U.S. securities regulator says more to be done on "kill switches"
NEW YORK (Reuters) - Six months after a software glitch nearly sank Knight Capital Group, risk controls in the largely automated and lightning-fast market place are still not where they need to be, the chief executive of the Financial Industry Regulatory Authority said on Wednesday.
Major brokerage firms and exchanges have taken steps in recent months to boost supervision around technological changes in their trading systems and to limit their credit exposures to possible errors, but more needs to be done to safeguard the system, FINRA's Richard Ketchum said in an interview.
"I would hope that we are in a much better position on that issue in the next six months," he said.
By then, Ketchum said, brokerages with direct market access should have installed so-called "kill switches" that could stop the flow of trades into the market if an algorithm or other piece of software goes awry, as happened with Knight.
Exchanges and alternative trading systems will also need to implement a coordinated market-wide kill switch, he said.
Ketchum said brokerages were making progress on kill switches, but that there are challenges in properly designing them. "It's still an exercise in development," he said.
On August 1 a software issue at Knight led to millions of unintentional orders flooding into the market over a 45-minute period, leaving the firm with a huge position it had to unload at a loss of $461.1 million.
It happened just months after Facebook's botched IPO on the Nasdaq and the failed IPO of BATS Global Markets on its own exchange.
In May 2010, the "flash crash" temporarily wiped out about $1 trillion in paper value in the stock market in a matter of minutes.
Following that event, regulators introduced circuit breakers, which halt trading for several minutes when stocks move more than 10 percent in five minutes.

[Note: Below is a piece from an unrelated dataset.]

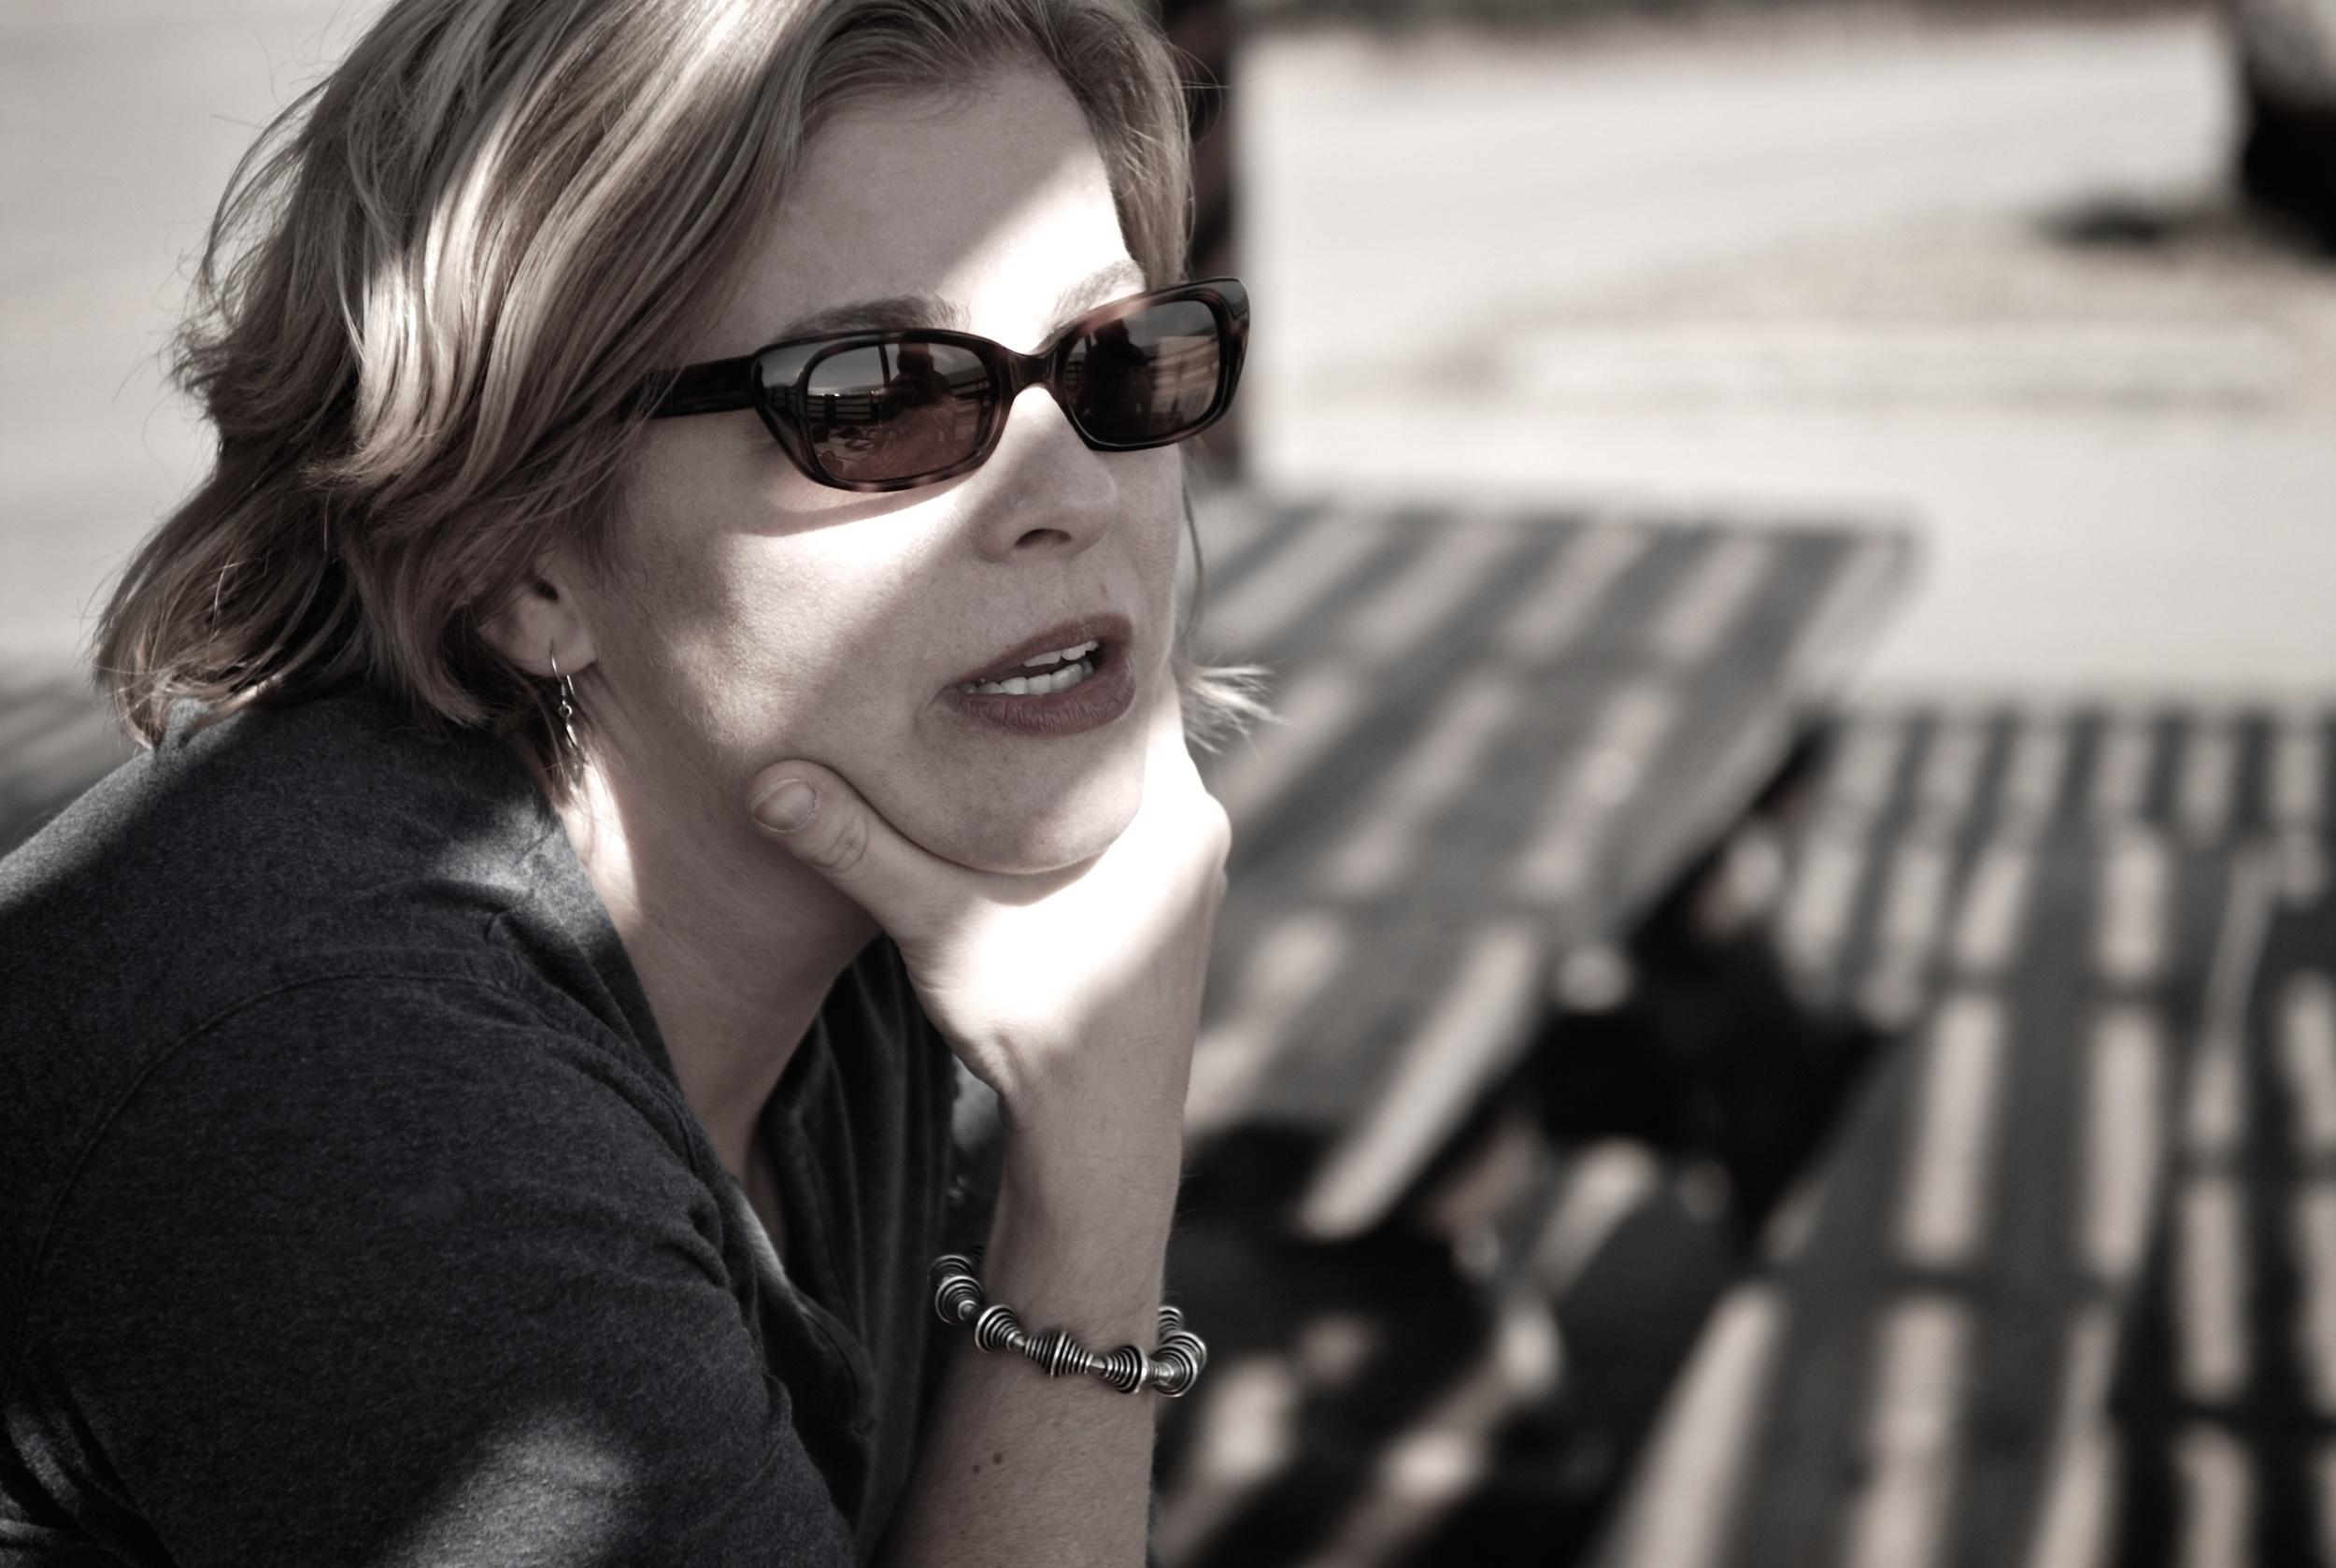 Lady with sunglasses.jpg

More recently, a one-year pilot program to pause stocks that trade outside of a range of recent prices was approved.
"We have seen a lot of changes and there are undeniably better controls" in the markets than in the past, Ketchum said.
"I am not sure we are where we need to be and I think the evolution of a fail-safe exchange-type kill switch makes sense beyond that," he added.
Another issue that has caused investors to question the safety and fairness of the markets has been the increase of high-frequency trading, or HFT.
Ketchum said that FINRA has seen a relatively low number of instances of high-frequency traders manipulating markets, which does not suggest an unfair marketplace.
"But that is a huge focus of our market surveillance today," he added.
He said FINRA will bring enforcement cases this year against HFT firms that manipulate stocks by sending massive amounts of orders so that favorable positions can be established in stock options, as well as firms that place large numbers of orders on existing holdings to drive up the value of a fund.
FINRA is not just looking for "pure egregious manipulation," but also international activity without proper supervision that results in account intrusions, anti-money-laundering issues and a variety of other things, he added.